The NSE derivative segment witnessed a fat-finger trade on Thursday as a large quantity of Nifty 50 options contracts with strike price 14,500 (June 2, 2022 expiry) got executed at Rs 0.15 per unit.
A fat finger trade is the one which is triggered due to a human error or press of a wrong key when using a computer to input data.
Often such trades result in huge losses for one party and windfall gains for the other. In this instance, market players said the trader who sold the Nifty contracts at Rs 0.15 could have incurred losses of Rs 200 crore.

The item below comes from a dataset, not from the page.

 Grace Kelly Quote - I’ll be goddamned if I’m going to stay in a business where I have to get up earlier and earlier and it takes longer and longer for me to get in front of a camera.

The Nifty 50 index on Thursday closed at 16,628. As a result, the Nifty 14,500 strike option contract was in-the-money by over Rs 2,100. The contract was last traded at Rs 2,130.5, up 5 per cent over previous day’s close. It hit a high of Rs 2,139.85 and a low of Rs 0.15, exchange data showed.

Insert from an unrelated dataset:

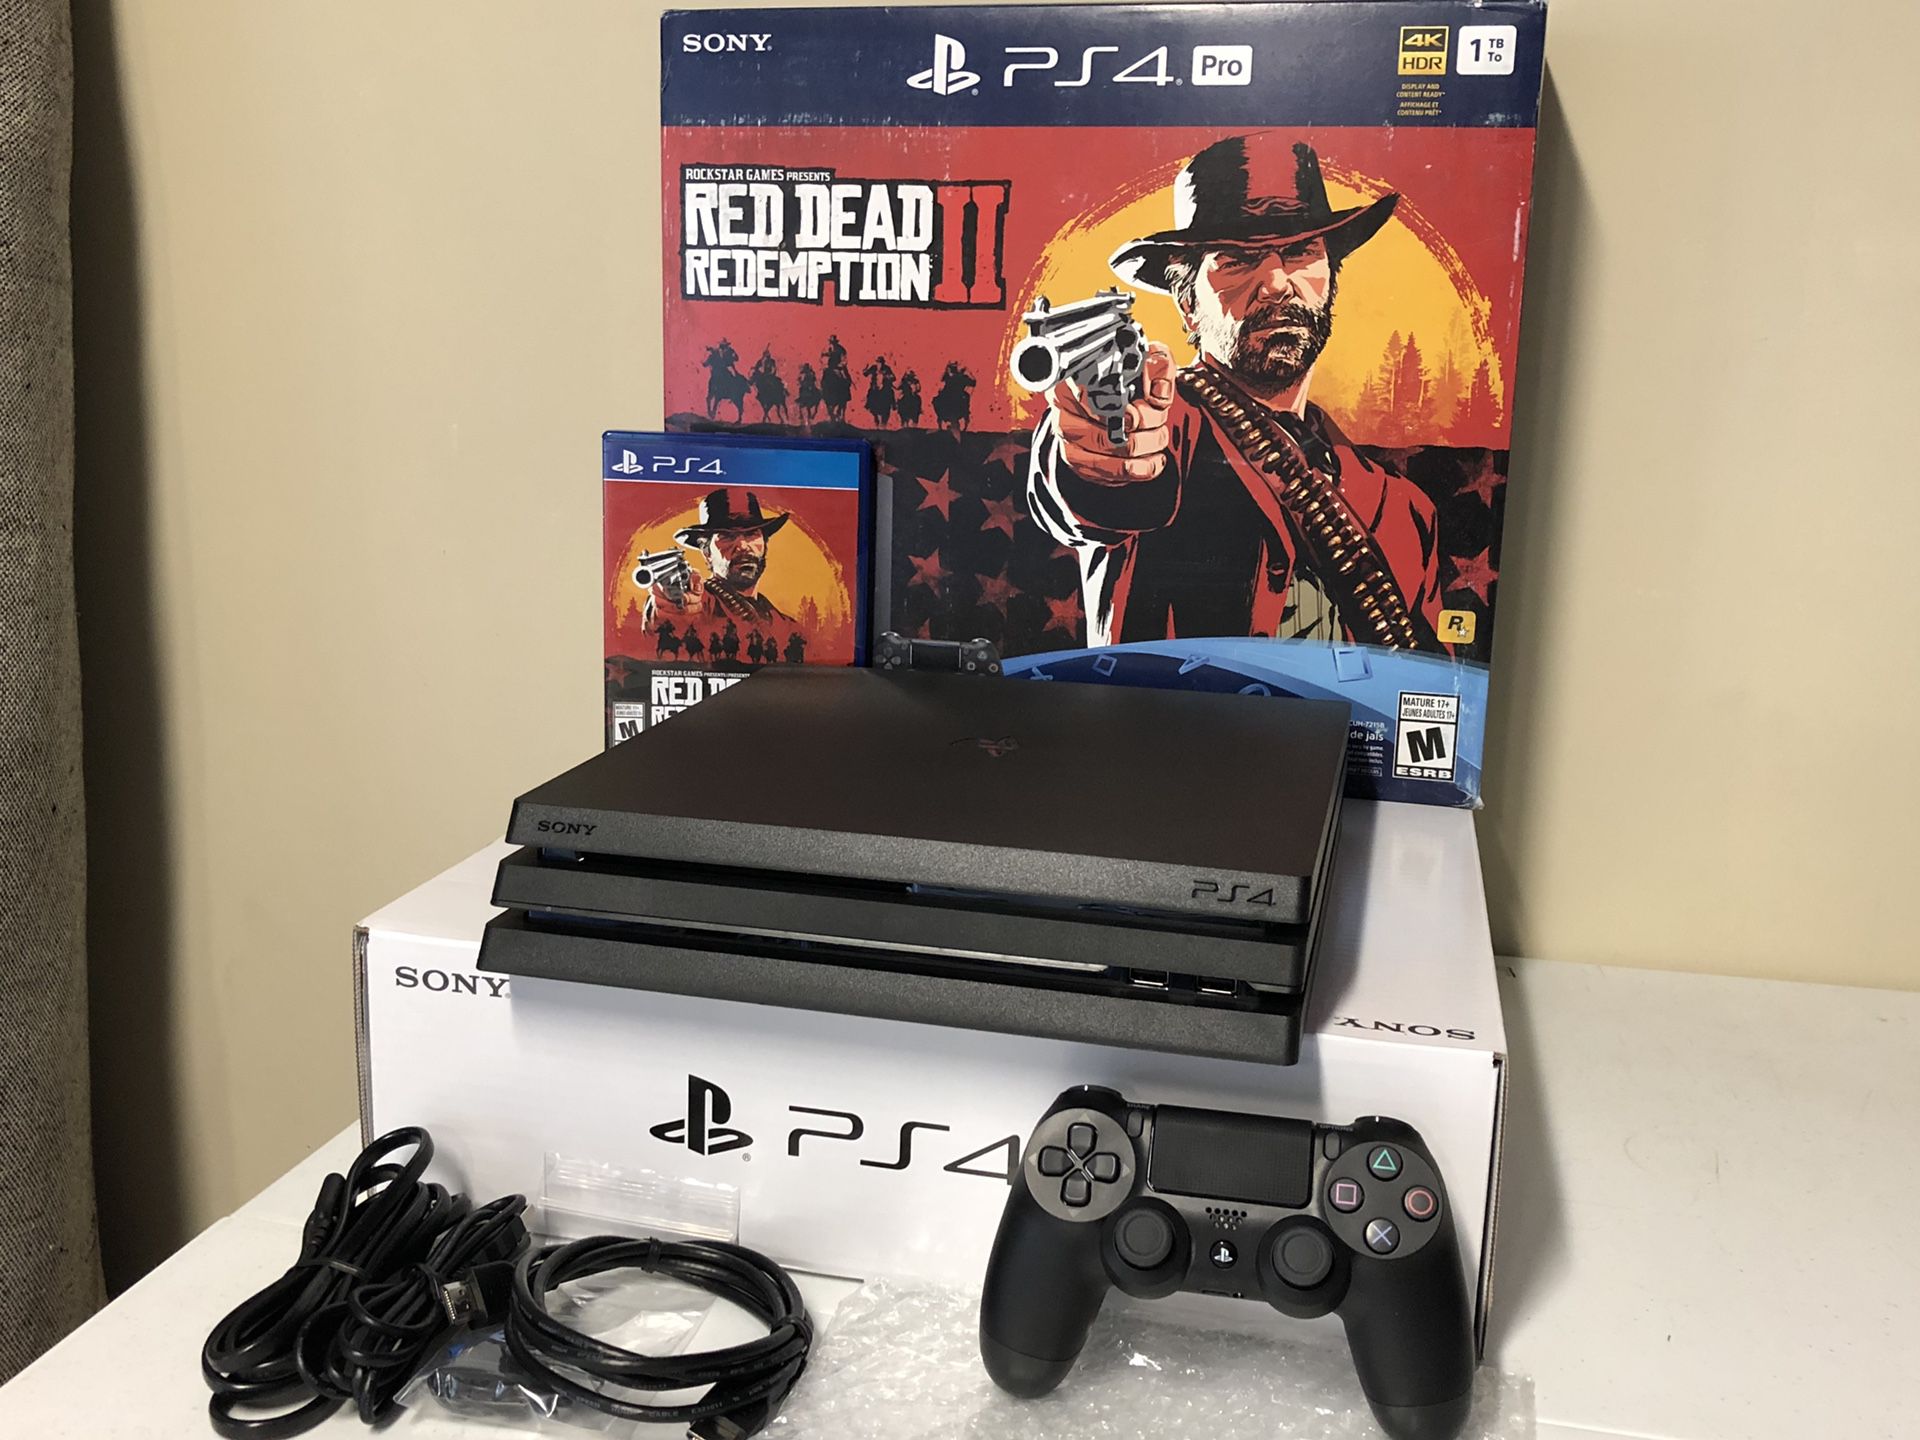 Sony PRO PlayStation Red Dead Redemption 2 Console Bundle 1TB w/ Control, Cables & Original for Sale in Summerville, SC - OfferUp

Market players said the 1.25 million units got traded at Rs 0.15. They said this could be due to punching error where the trader sold 14,500 call options instead of 16,500 call options.
It remains to be seen how the exchange system or its circuit filters allowed such a trade to get executed and whether NSE would annul the trades. Sources said the exchange was in the process of ascertaining the parties involved in the trade.
NSE didn't respond to a query immediately.